You can find the complete solution on GitHub: delete-snapshots-on-ami-deregister-main.
Additionally this article assumes prior knowledge of setting up Terraform, AWS CLI, an S3 bucket for remote state storage, and a DynamoDB table for state locking, so those steps will not be repeated here.
Step 1: Setting the Stage with Terraform
Terraform is an Infrastructure as Code (IaC) tool that allows you to define and deploy cloud infrastructure declaratively. In this setup, we’ll use Terraform to provision the necessary AWS components, including a Lambda function, an EventBridge rule, IAM roles, and policies.
Terraform Initialization: Versions and Providers
First, configure Terraform and the AWS provider. Specify your provider version to ensure compatibility and set up the backend for remote state storage using an S3 bucket. This setup will keep the state file consistent across team members.
Change the
required_vers
ion
value as per theterraform -version
output.Update the
bucket
,key
, anddyna
modb_table
values for the S3 backend to match what you have created.
terraform {
required_version = ">=1.5.6"
required_providers {
aws = {
source = "hashicorp/aws"
version = "~> 5.72.0"
}
}
backend "s3" {
bucket = "terraform-state-files-0110"
key = "delete-snapshot-on-ami-deregister/terraform.tfstate"
region = "us-east-1"
dynamodb_table = "tf_state_file_locking"
}
}
provider "aws" {
region = "us-east-1"
}
Step 2: Creating an IAM Role and Policy for the Lambda Function
To grant our Lambda function permissions to describe and delete snapshots, create an IAM role with an attached policy. This role will allow Lambda to perform the necessary actions, such as querying and deleting snapshots and logging in CloudWatch.
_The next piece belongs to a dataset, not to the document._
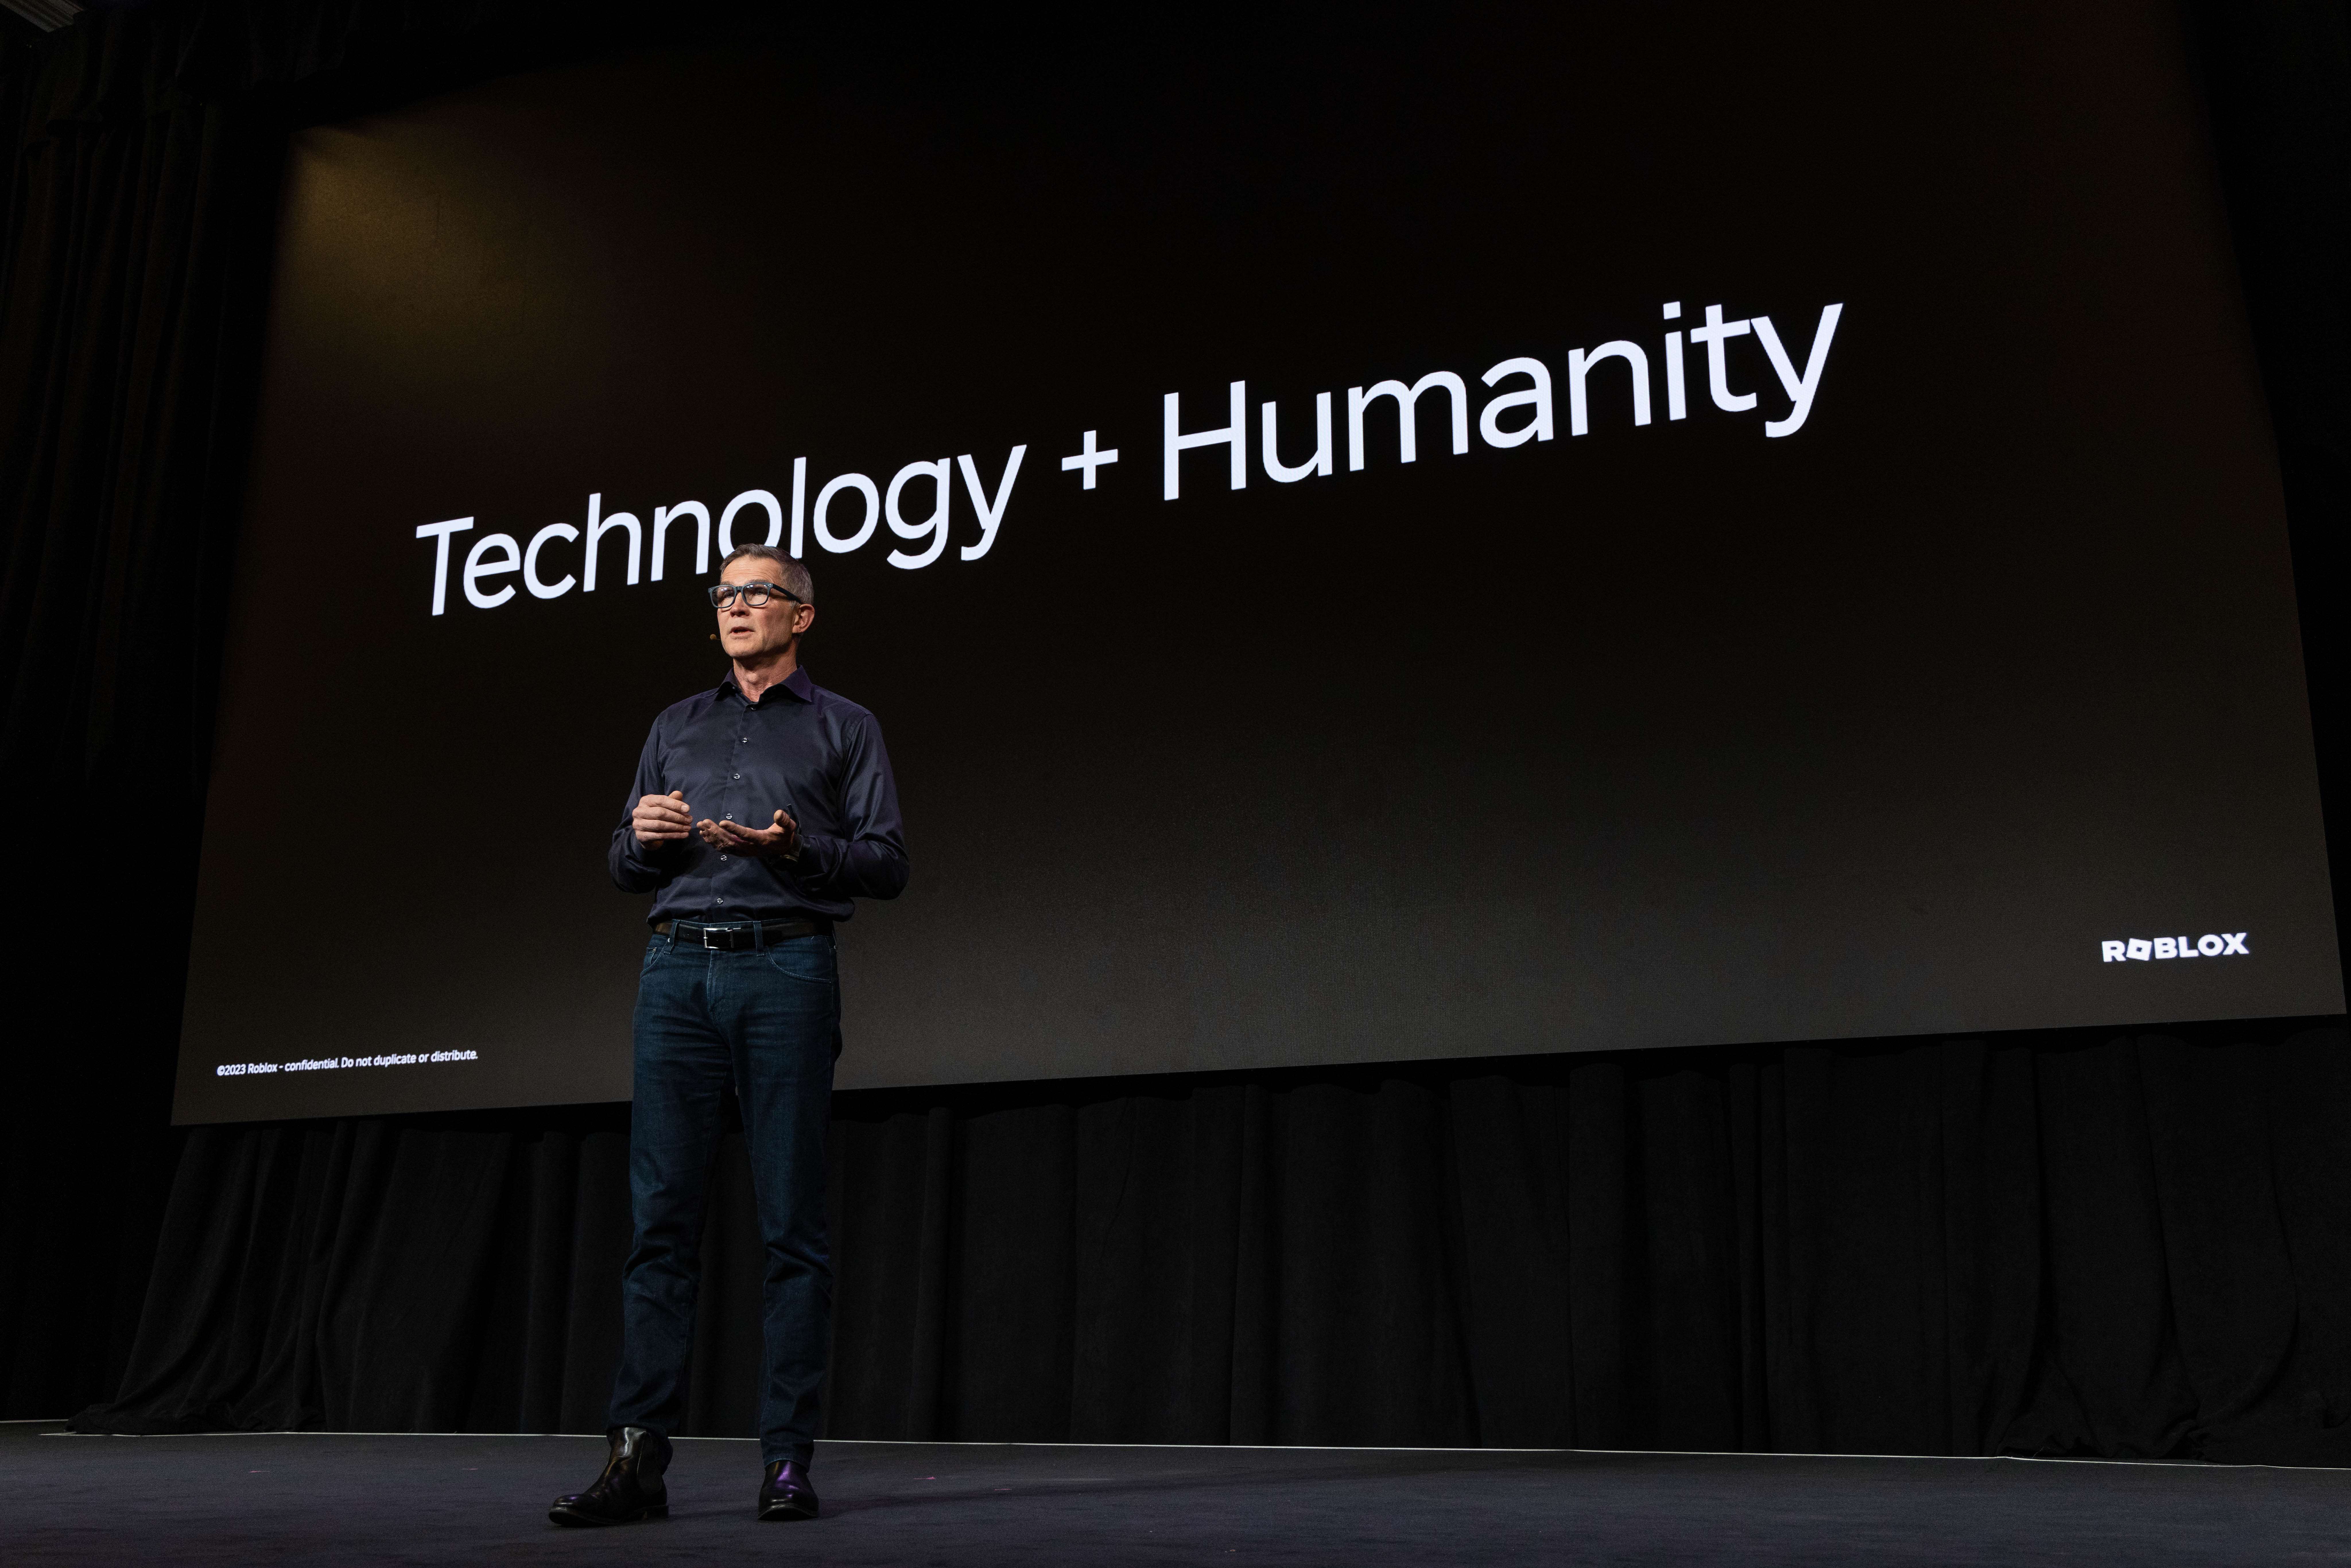 David stând pe scenă în fața unui tobogan pe care scrie Technology + Humanity

resource "aws_iam_role" "lambda_role" {
name = "terraform_delete_snapshot_on_ami_deregister_role"
assume_role_policy = <<EOF
{
"Version": "2012-10-17",
"Statement": [
{
"Action": "sts:AssumeRole",
"Principal": { "Service": "lambda.amazonaws.com" },
"Effect": "Allow"
}
]
}
EOF
}
resource "aws_iam_policy" "iam_policy_for_lambda" {
name = "terraform_delete_snapshot_on_ami_deregister_policy"
policy = <<EOF
{
"Version": "2012-10-17",
"Statement": [
{
"Effect": "Allow",
"Action": [
"logs:CreateLogGroup",
"logs:CreateLogStream",
"logs:PutLogEvents"
],
"Resource": "arn:aws:logs:*:*:*"
},
{
"Effect": "Allow",
"Action": ["ec2:Describe*", "ec2:DeleteSnapshot"],
"Resource": "*"
}
]
}
EOF
}
resource "aws_iam_role_policy_attachment" "attach_iam_policy_to_iam_role" {
role = aws_iam_role.lambda_role.name
policy_arn = aws_iam_policy.iam_policy_for_lambda.arn
}
Step 3: Deploying the Lambda Function with Terraform
With our IAM role and policy set up, we’ll deploy the Lambda function. First, we use the archive_file
resource to package the Python script, and then configure Lambda to use this ZIP file as the code source.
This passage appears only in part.